1. Create an empty Angular workspace: Open your terminal and run:

   ng new micro-frontend-workspace --no-create-application --strict --package-manager npm
   cd micro-frontend-workspace
   

   • --no-create-application: This flag tells the Angular CLI to create only the workspace folder and configuration files, without generating an initial application. We’ll add our applications manually.
   • --strict: This enforces strict TypeScript checks and other best practices, which is crucial for building robust, enterprise-grade applications.
   • --package-manager npm: Explicitly specifies npm as the package manager.

2. Generate the Host Application: Now, let’s add our host application to the newly created workspace:

   ng generate application host-app --routing --style scss --strict
   

   This command creates a new Angular application named host-app inside the projects folder of your micro-frontend-workspace. It also sets up routing, SCSS styling, and strict mode for the new application.

Step 2: Generate the Remote Application

Next, we’ll create our first micro-frontend, which will be consumed by the host-app.

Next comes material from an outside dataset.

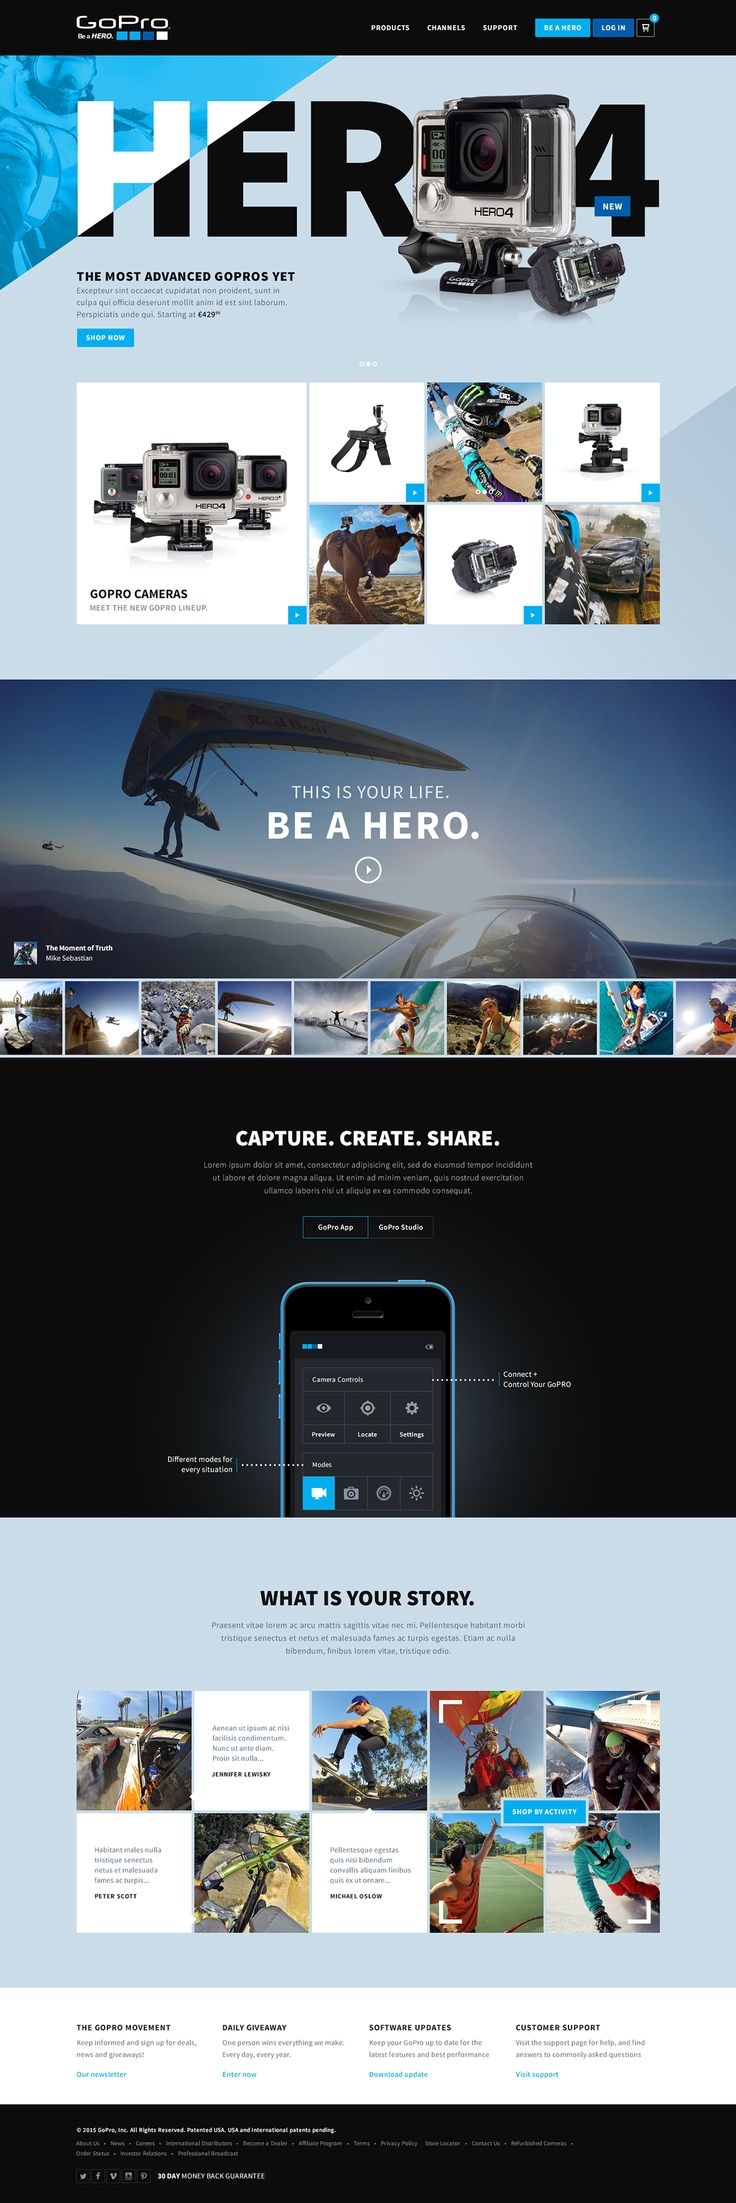 GoPro on Behance

This micro-frontend will represent a distinct feature, such as an analytics dashboard.

ng generate application analytics-mfe --routing --style scss --strict

This command generates a new Angular application named analytics-mfe within the projects folder, mirroring the setup of our host application.

🧠 Important: For very large enterprise applications with many teams and micro-frontends, you might consider using a monorepo management tool like Nx. Nx extends the Angular CLI’s capabilities, offering advanced features for managing multiple Angular applications and libraries, optimizing builds, and enforcing consistent practices. For the scope of this tutorial, the standard Angular CLI workspace is perfectly sufficient to grasp the core concepts of Module Federation.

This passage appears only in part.